UHC (Universal Health Care) can be defined as providing all people access to comprehensive, quality healthcare services without financial hardship. Countries implement UHC differently, depending on their political ideology, economic development, healthcare needs and healthcare system design – but their systems should generally provide free or nearly free care for citizens and residents funded either from government funds or compulsory insurance sources.
International recognition of Universal Healthcare Coverage is increasing. To advance UHC, technical solutions must be supplemented by pragmatic policies tailored to local political economy context. This multicountry study of 11 countries shows that while UHC may present challenges, its achievement remains feasible and achievable for countries equipped with sufficient leadership, policies environment and capacity to implement and sustain them.
The 11 countries utilized an incremental approach to expand health coverage gradually, initiating reforms when they were both politically feasible and financially sustainable. For instance, Brazil’s commitment to universal coverage stemmed from its democratic movement during periods of slow economic growth, while Thailand made significant strides due to the Asian financial crisis. Success on UHC depended heavily on efforts to gain political support from various interest groups while building institutional and technical capacity needed to manage cost pressures and secure long-term gains over time.

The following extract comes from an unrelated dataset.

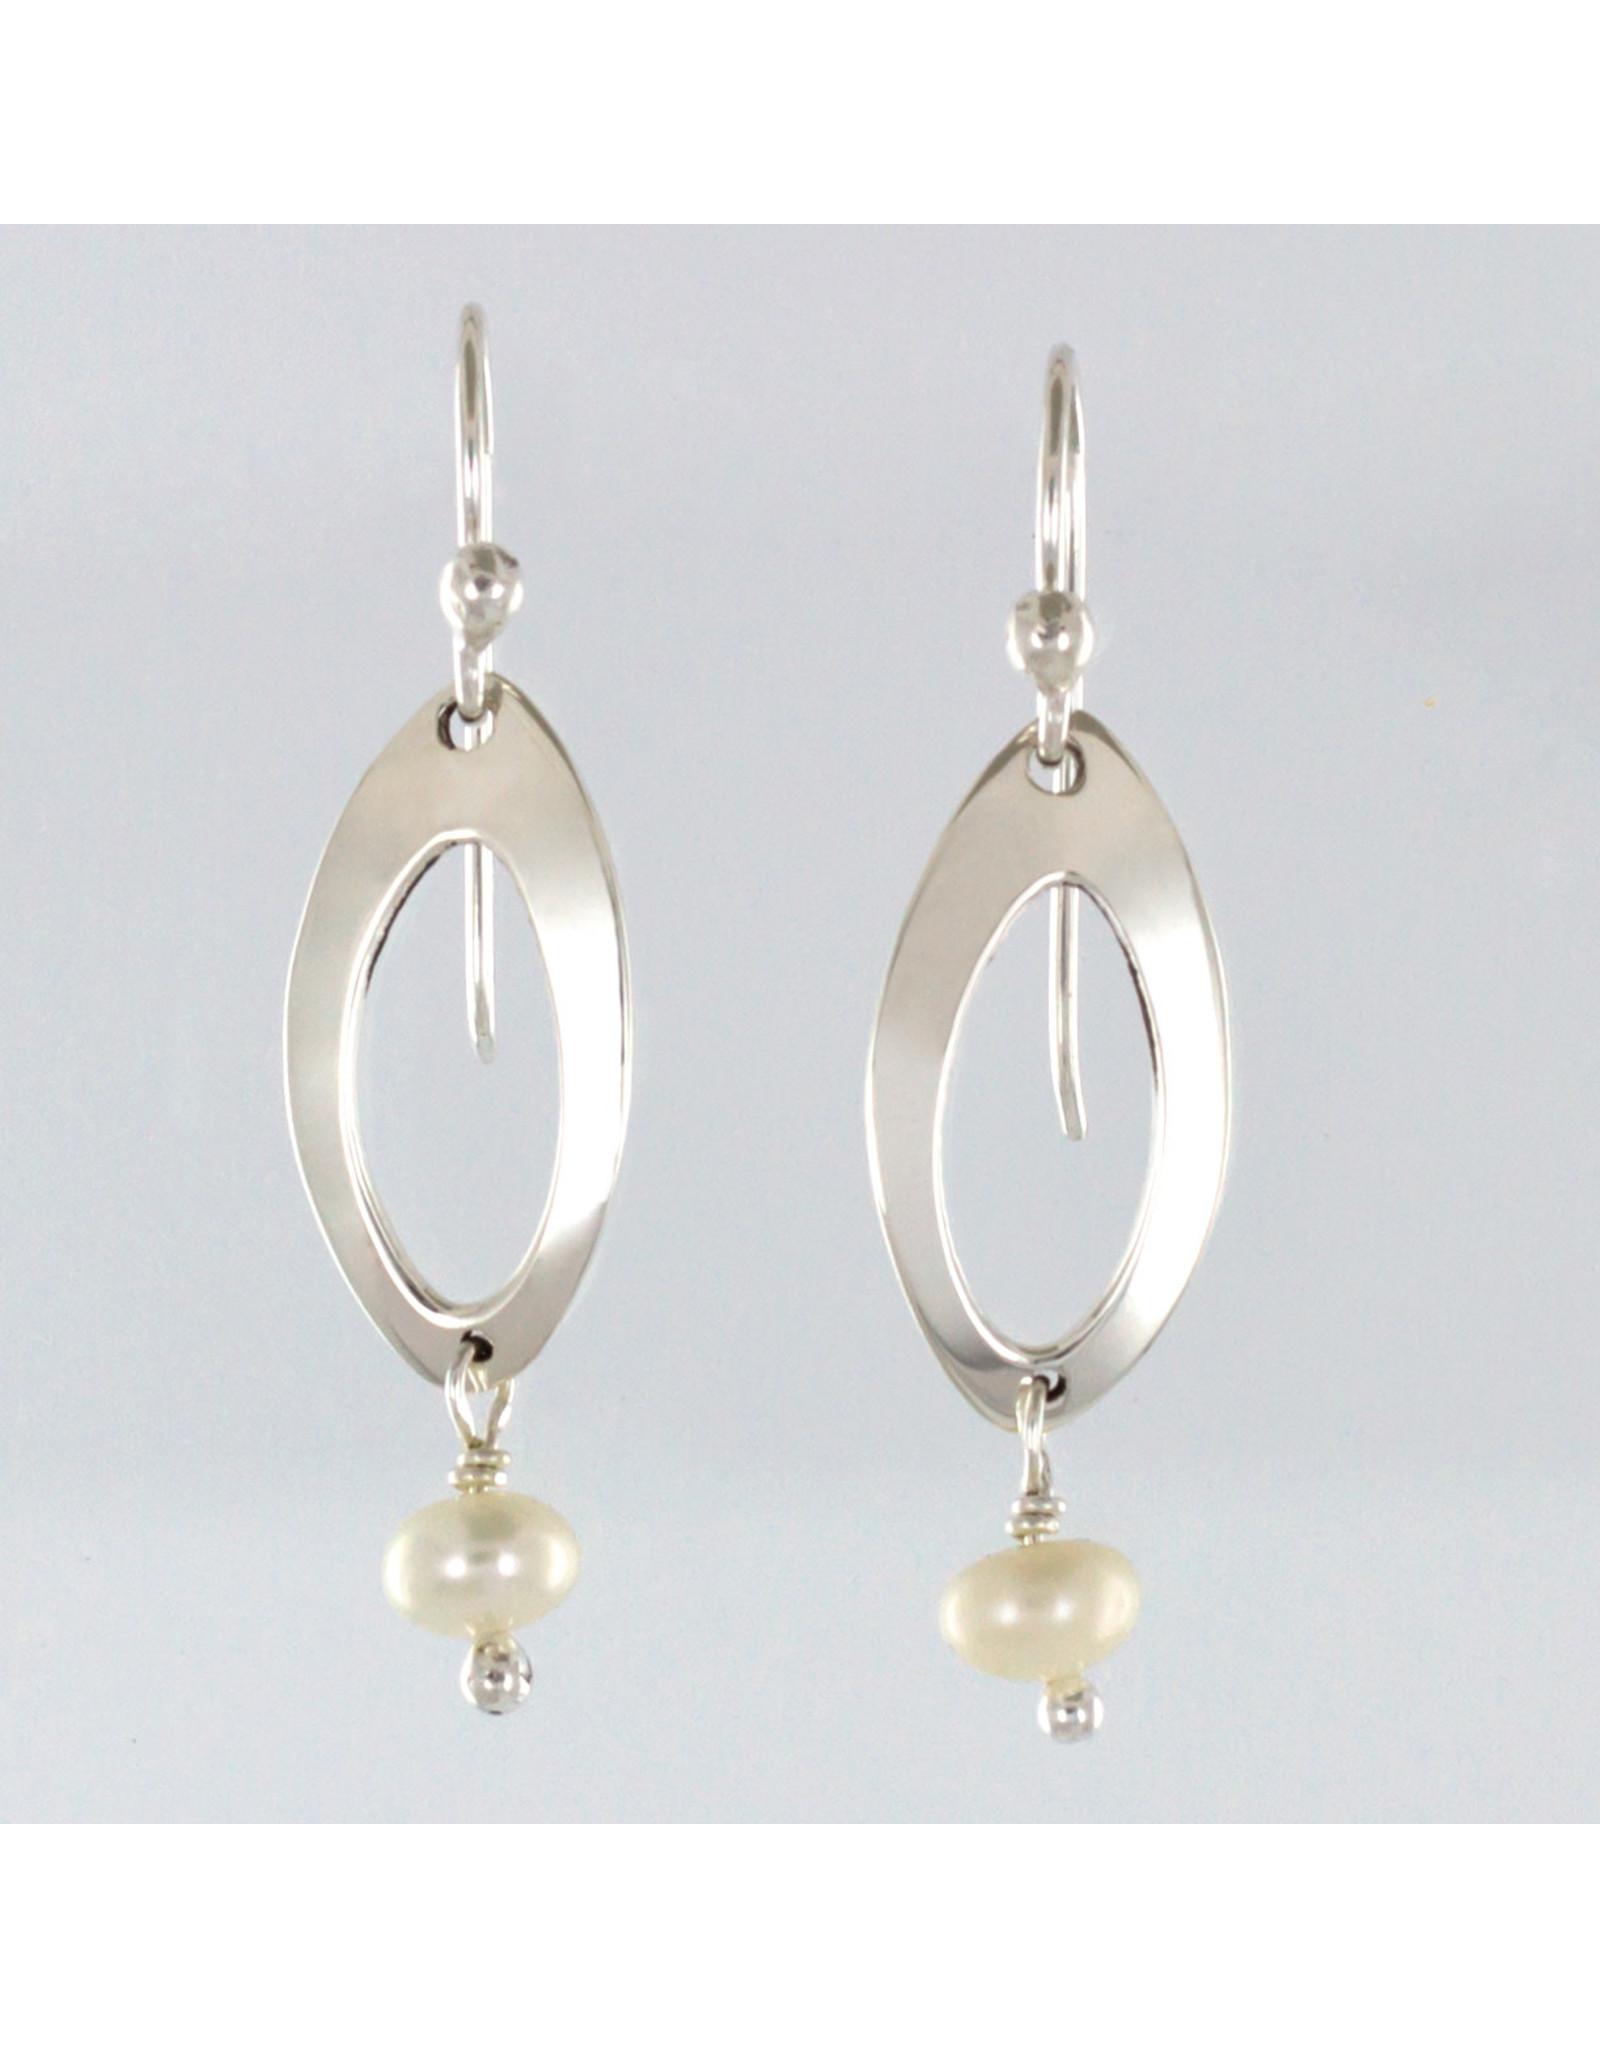 Sterling Oval w/ Freshwater Pearl Earrings, Mexico

Though the principles of universal healthcare coverage (UHC) are widely acknowledged, its implementation remains challenging for low-income countries. Countries must address obstacles to expanding coverage and ensure access to affordable primary healthcare and essential medications including mental health treatments at an affordable cost; as well as reduce inequalities caused by high out-of-pocket spending by poorest people disproportionately affected.
At present, only 72 countries worldwide provide some form of universal healthcare, with many adopting systems that provide free or near-free coverage for citizens and residents. Examples of such countries include Cuba, the UK’s National Health Service as well as Norway and Australia that employ government-funded systems wherein some patients pay directly while others do so indirectly through taxes or social insurance contributions.
Countries studied mostly funded their reforms through general taxes and cross-subsidized their healthcare systems by targeting higher risk groups – with some additional support from donor governments. They implemented policies designed to manage costs, such as conducting cost-effectiveness and impact evaluations for new technologies and pharmaceutical products; setting clear standards to guide benefit package design; and consolidating and streamlining insurance schemes to reduce red tape and promote equity. They also established strong governance arrangements to make accountability a top priority, such as by separating purchaser and provider functions; creating capacities for strategic goal setting and quality assessment; and mitigating interest group pressures. Such arrangements were essential in ensuring long-term sustainability for their policies as well as preventing backsliding on UHC gains.